Je vous en lis quelques lignes :
« Ce pays immense et plein de vie, ce diaphragme de l’Afrique, frappé par la violence comme par un coup de poing dans l’estomac, semble depuis longtemps avoir perdu son souffle. Et tandis que vous, Congolais, vous luttez pour sauvegarder votre dignité et votre intégrité territoriale contre les méprisables tentatives de fragmentation du pays, je viens à vous, au nom de Jésus, comme un pèlerin de réconciliation et de paix ». Et au Soudan du Sud, il a été encore plus direct : « Frères et sœurs, c’est l’heure de la paix ». Et encore, « les processus de réconciliation semblent paralysés et les promesses de paix restent inaccomplies. Le chemin de paix est un « chemin tortueux », mais qui « ne peut plus être reporté ».
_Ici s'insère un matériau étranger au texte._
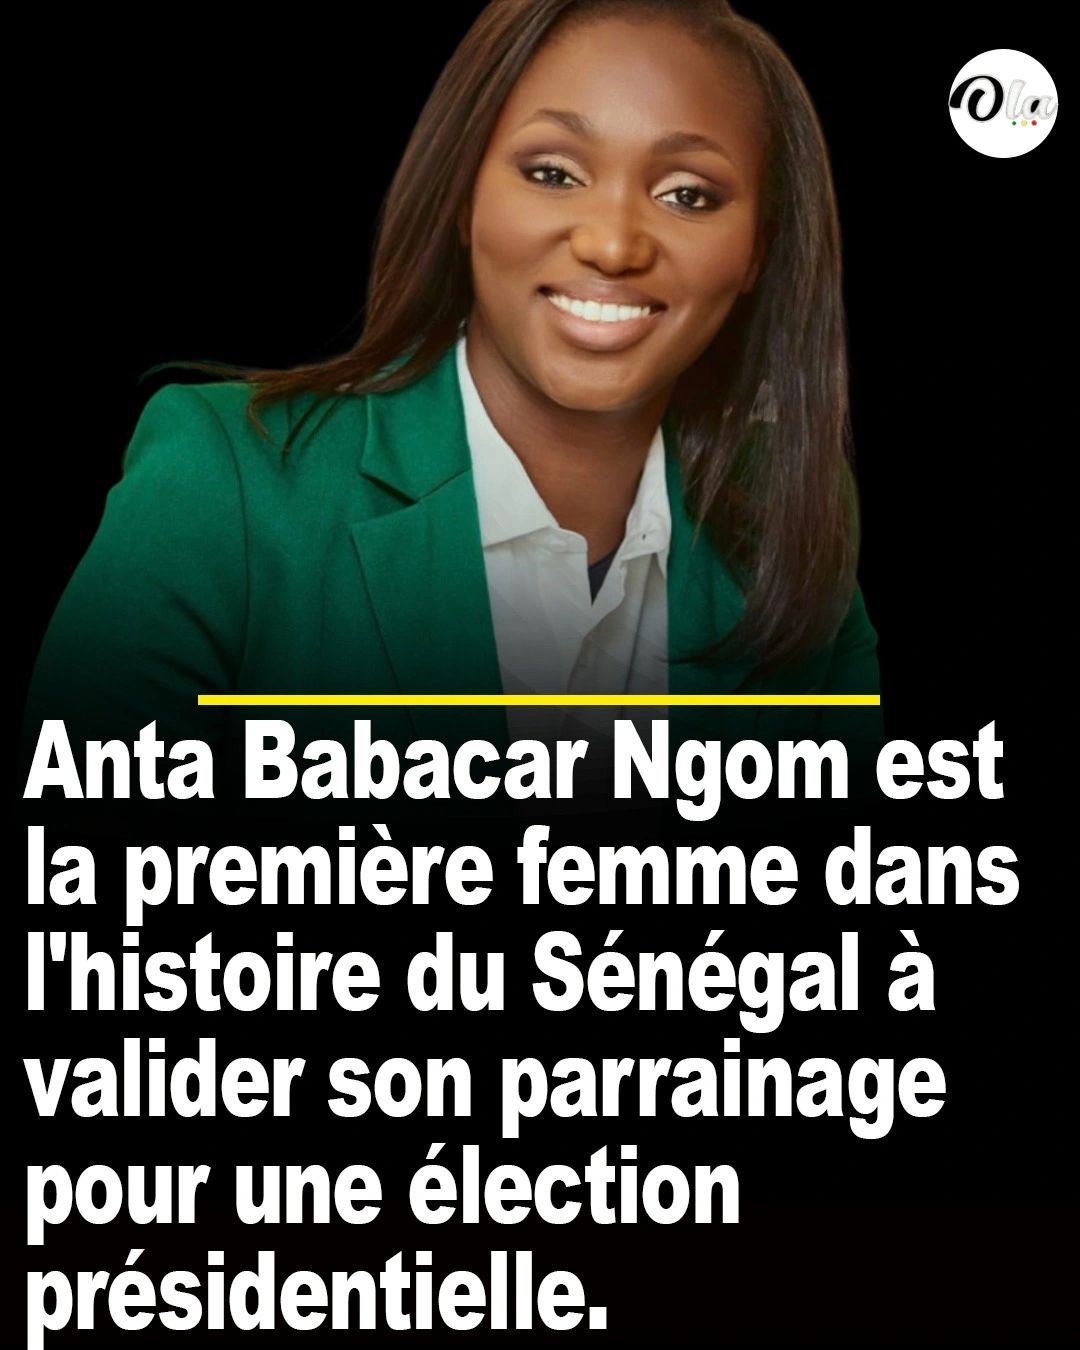 Anta Babacar Ngom, première femme dans l'histoire du Sénégal à valider son parrainage pour une élection présidentielle.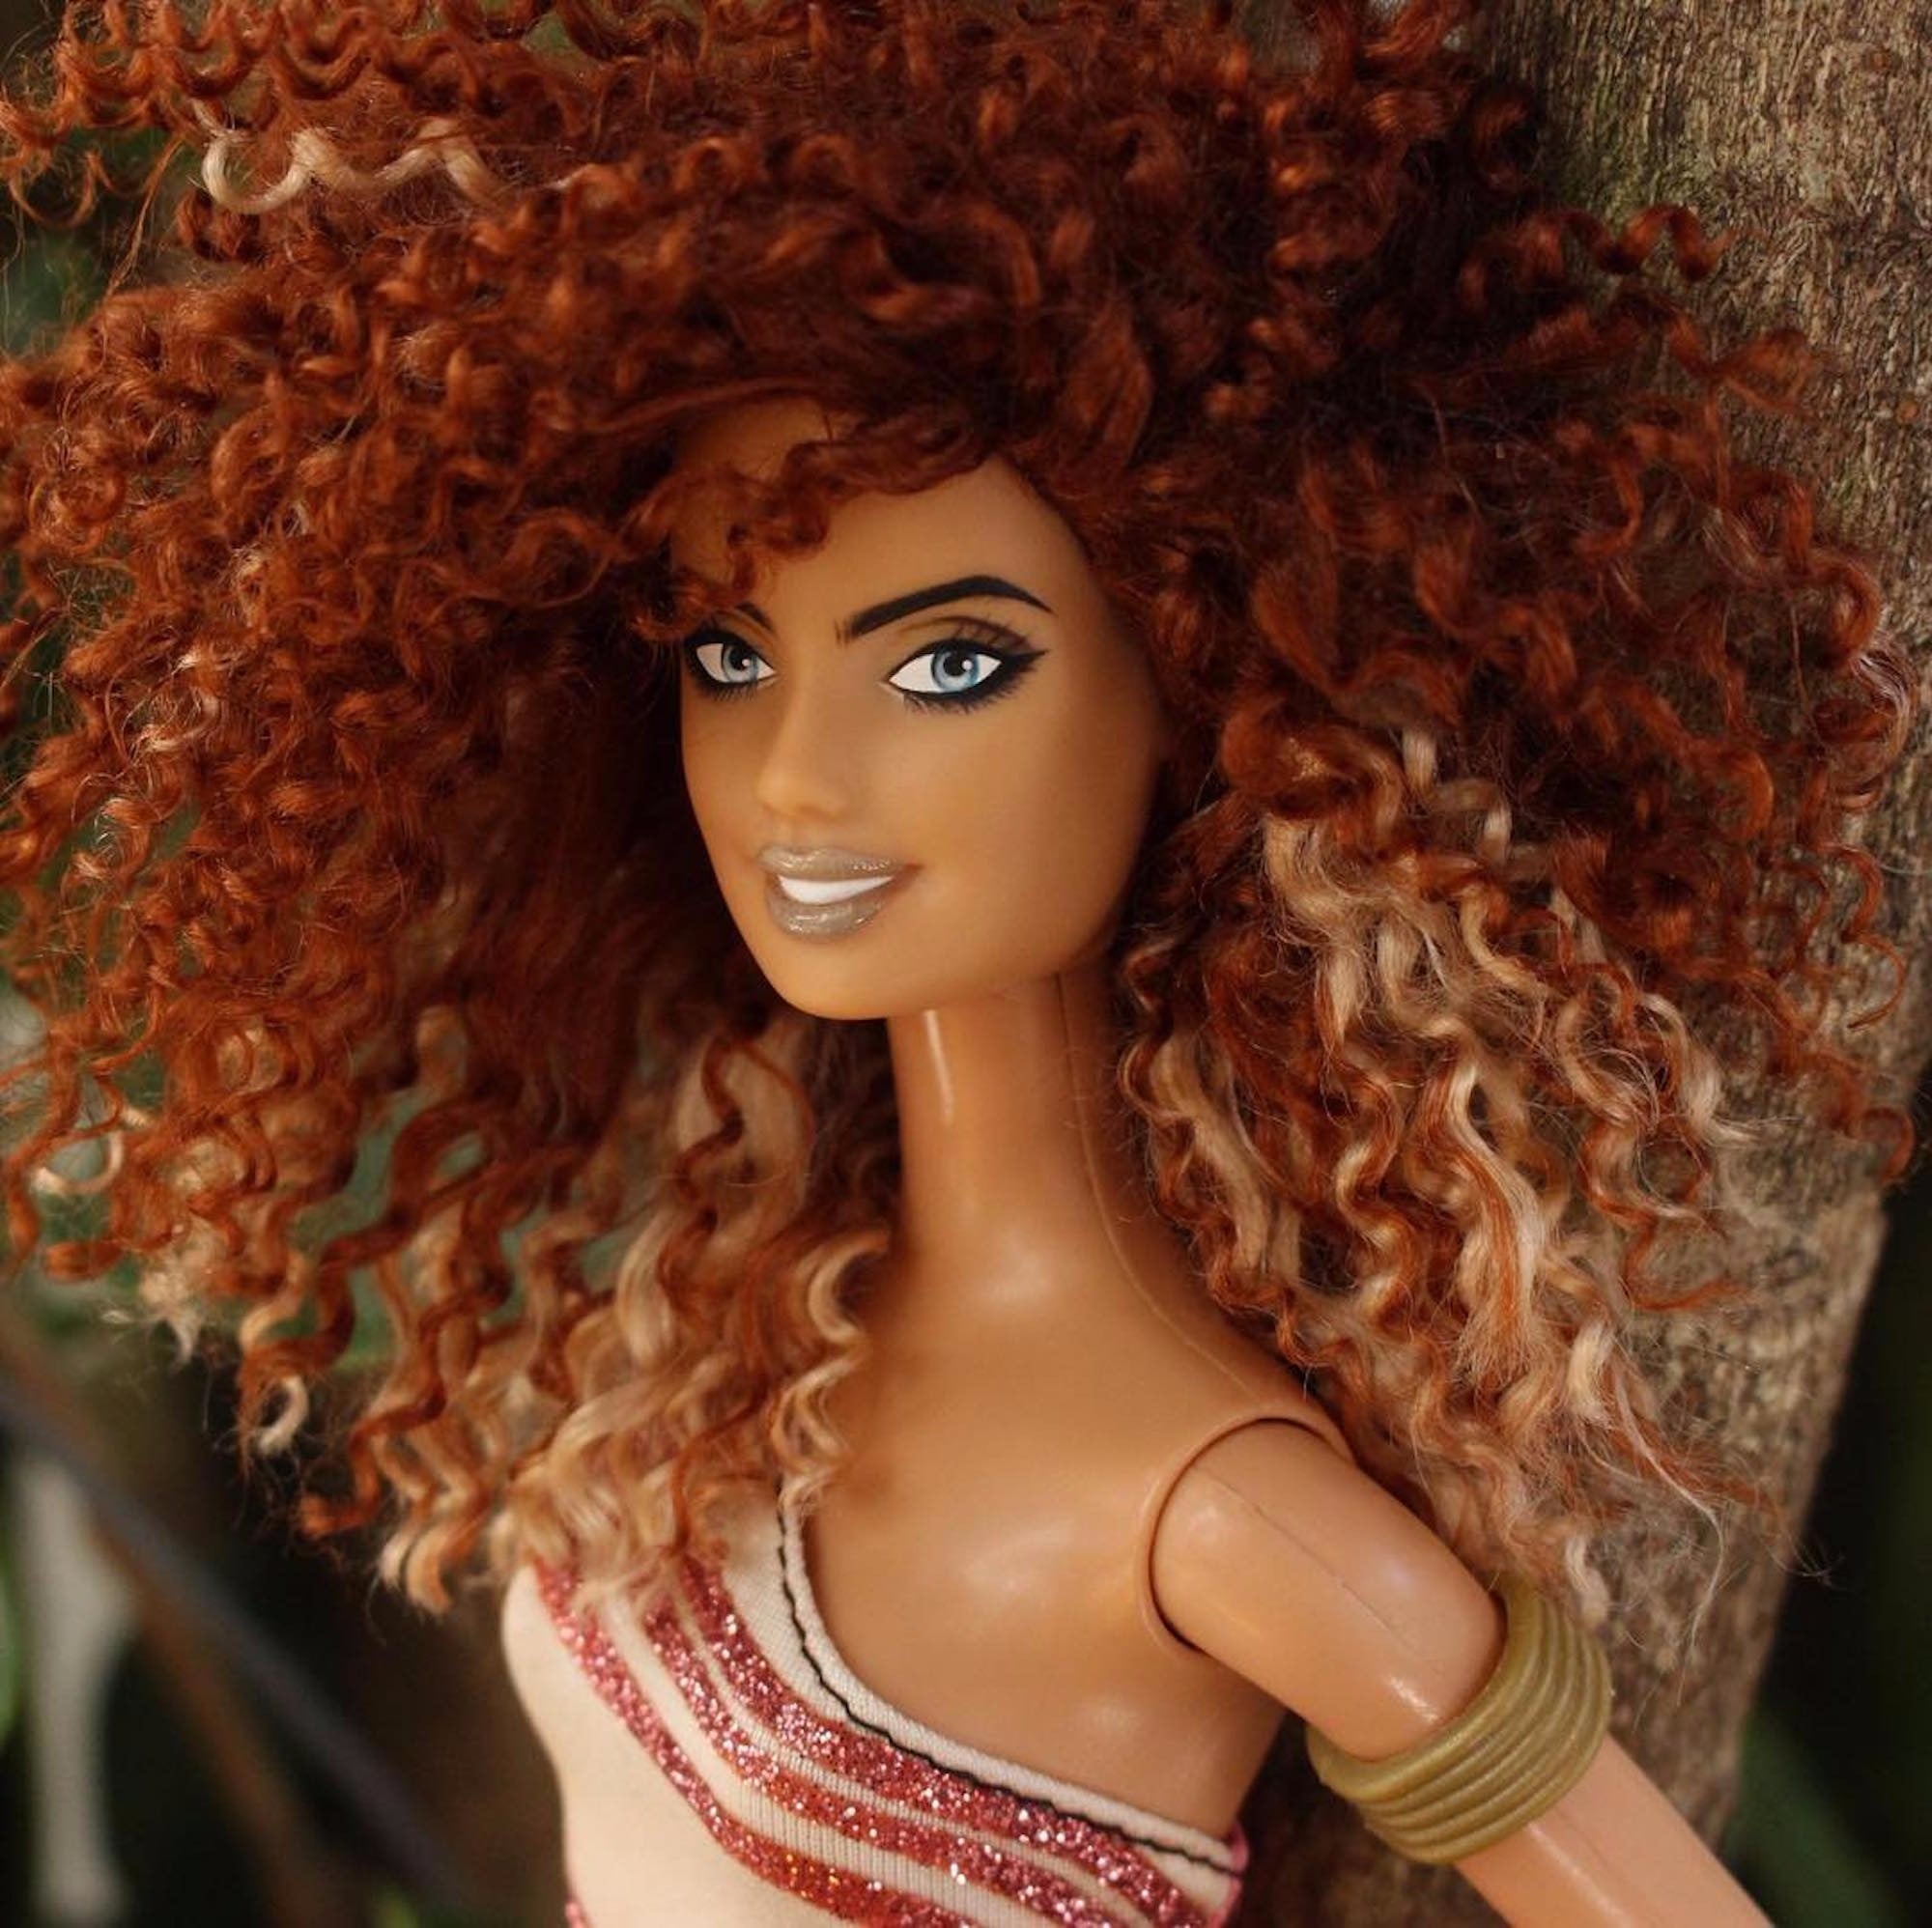 Customized Barbie Dolls | POPSUGAR Beauty

Voilà ce que l’Eglise doit apporter au monde d’aujourd’hui, le chemin de la paix par la réconciliation. C’est le trésor des chrétiens.
« Vous êtes le sel de la terre, vous êtes la lumière du monde », nous dit l’Évangile.
S’ils doivent être le sel de la terre et la lumière du monde, cela veut bien dire que les chrétiens ont une mission sur la terre.
Le pape nous montre dans ses voyages ce que cela veut dire.
Et pour le comprendre plus précisément, il est intéressant d’aller voir ce que le concile Vatican II nous dit.
Dans la grande constitution Gaudium et Spes, texte fondamental sur les rapports de l’Eglise avec le monde, il y a tout un chapitre sur le rôle de l’Eglise par rapport au monde, ce qu’elle peut lui apporter. Étant donné son rayonnement universel, et ses valeurs communes selon l’Évangile, l’Eglise invite chacun à travailler pour la paix et l’unité.
Je vous cite ce grand texte, n° 42 : « comme l’Eglise n’est liée à aucune forme particulière de culture ni à aucun système politique économique ou social, l’Eglise peut être un lien très étroit entre les différentes communautés humaines et entre les différentes nations ».
Et plus loin : « l’Eglise avertit ses fils et même tous les hommes qu’il leur faut dépasser, dans cet esprit de la famille des enfants de Dieu, toutes les dissensions entre nations et entre races ».
Le sel de la terre a un gout de paix et la lumière un gout d’unité. Sachons en vivre pour le répandre à travers le monde.